After our fifth kid, I had a vasectomy but it didn’t work. I’m still a father.
Ninjas owed people money. You don’t get that good at hiding without owing people money.
“Sir can I ask you why you’re smoking TWO huge cops?”
Blunt, i’m
*turns to camera*
Doing this tweet wrong
*Blunt just stares in confusion*
Toddler *at 8 AM*: Mom, I had zero candy today
Me: Is this a statement of complaint or achievement?
Do regular squirrels think flying squirrels are super heroes??!
The coins in my cup holder have bonded together and will be the problem of whomever owns my vehicle next.
[hits you in the face with newspaper]
“Sorry, I thought your eyebrows were caterpillars.”
I just took my neighbor’s home security sign and put it in my yard, because the theft on my street is getting out of hand.
There is a vast difference between an underdog and a loser, the first one has a real chance to win.
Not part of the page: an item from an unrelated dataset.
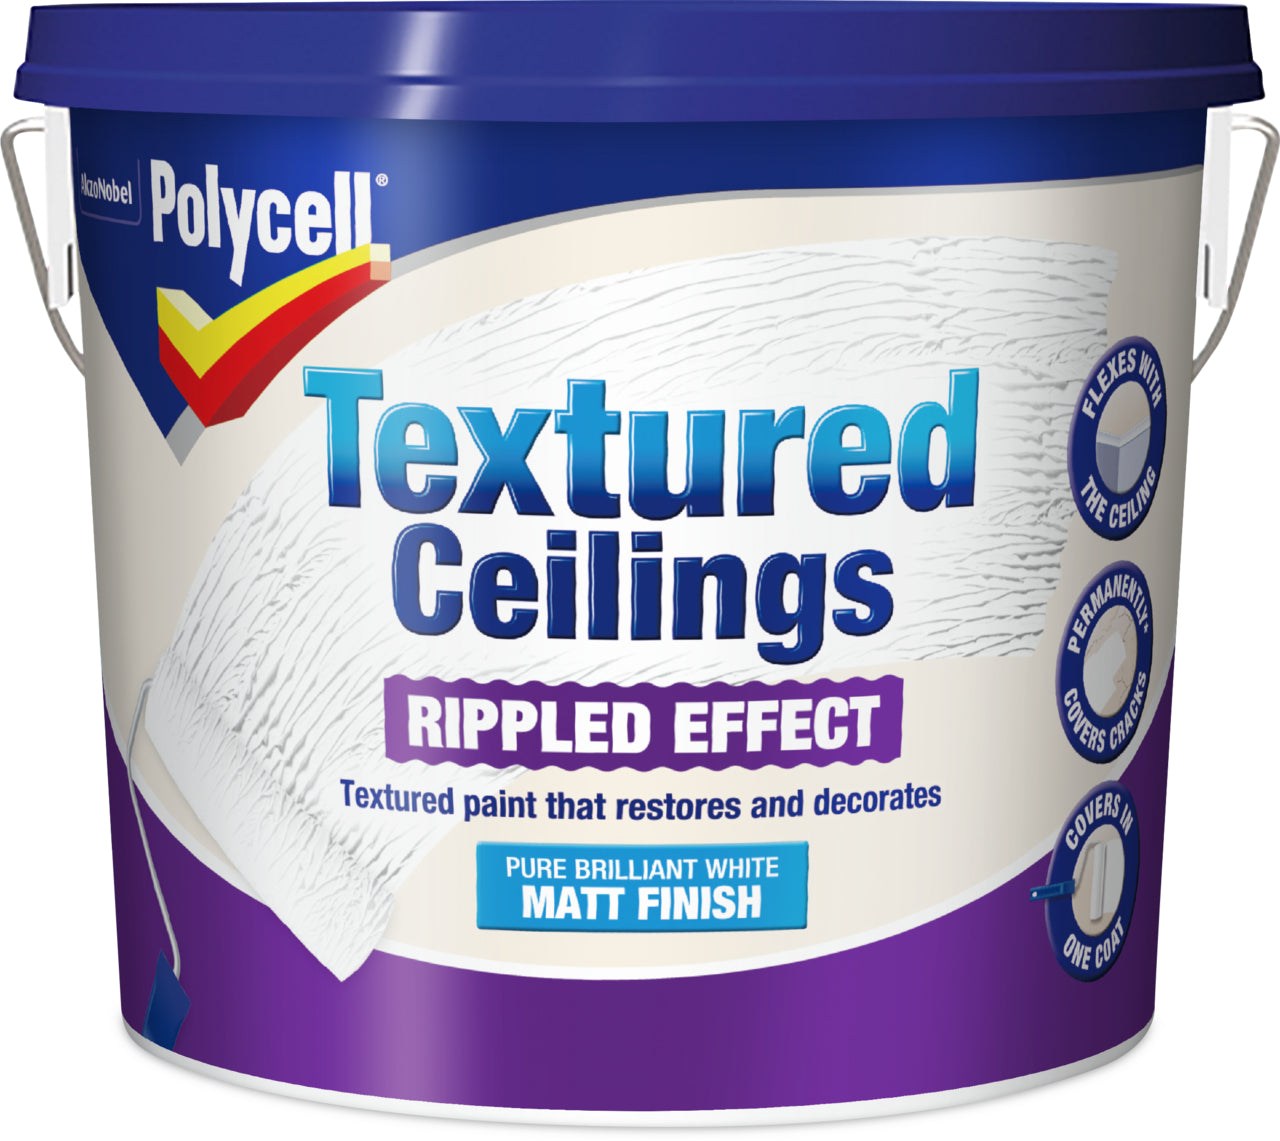 Polycell Textured Ceilings Ripple Effect Matt 5L

Let the sword wielding plants fight the Boston Dynamics murder robots.
I’m pretty sure when Kenny Rogers said we gotta know when to fold em, he was talking about slices of pizza
I’m afraid we’re on the brink of WW3 ( Wonder Woman 3 )
4: Did you just shower?? Your hair looks so pretty!
Me: Awwww, thank y—
4: It looks like a bug
Me:
New Mom: I bought my kids’ Halloween costumes back in August!
Me: That’s cool. I take my kids shopping on October 31st so they can’t change their minds 800 times.
waiter: how are your finger sandwiches, sir?
hannibal lector: *sighs* disappointing
[ancient greece]
teacher: what have you all chosen for your thesis
hippocrates: I’m laying the ground work for centuries of modern medicine
socrates: I am examining what it means to be
ptolemy: uh you guys ever uh notice how those stars look like a bear
Painting your own toenails is a great way to save a few bucks and to realize you’ve gained weight since the last time you painted your own toenails.
My toddler was babbling a mile a minute first thing this morning and my 4yo said, ‘I’m going to need pancakes if I’m going to listen to you,’ so he’s my stress management coach now.
I asked my neighbors to keep it down last night and they were like ma’am- it’s 5pm.
What’s the name of that Tom Cruise movie where he runs around a lot?
Me: how can I prepare for this meeting?
Friend: we can do a mock interview
Me: ok
Friend: why should we hire you
Me: wHy ShOuLd wE HiRe yOu
I wanted to hear the pitter-patter of little feet so now my cats wear tap shoes.
Me: the enemy of my enemy is my friend
Enemy of my enemy: no, i don’t like you either
“Creation science” has the same intellectual heft as “dragon anatomy”.
At first I was disappointed that the prize for completing my “fair food punch card” was a giant bucket, but it turns out I needed it
Nurse: *handing me a newborn* You got this?
Me: Sometimes I have to dig through the trash to re-read the instructions for mac ‘n’ cheese
Life Lessons From Cats:
• take more naps
• rules were meant to be broken
• it’s okay to hide when you’re scared
• always demand respect
• if you have an itch, scratch it
• find joy in the simple things
• you can bury your shit but eventually someone’s gonna find it
Iceland is like a guy who brags he was prom king and captain of the varsity basketball team and yearbook editor and then you find out he was homeschooled.
In choosing clinical logic and detached isolation over laughter and passion, you went full-Vulcan.
Everyone knows you never go full-Vulcan.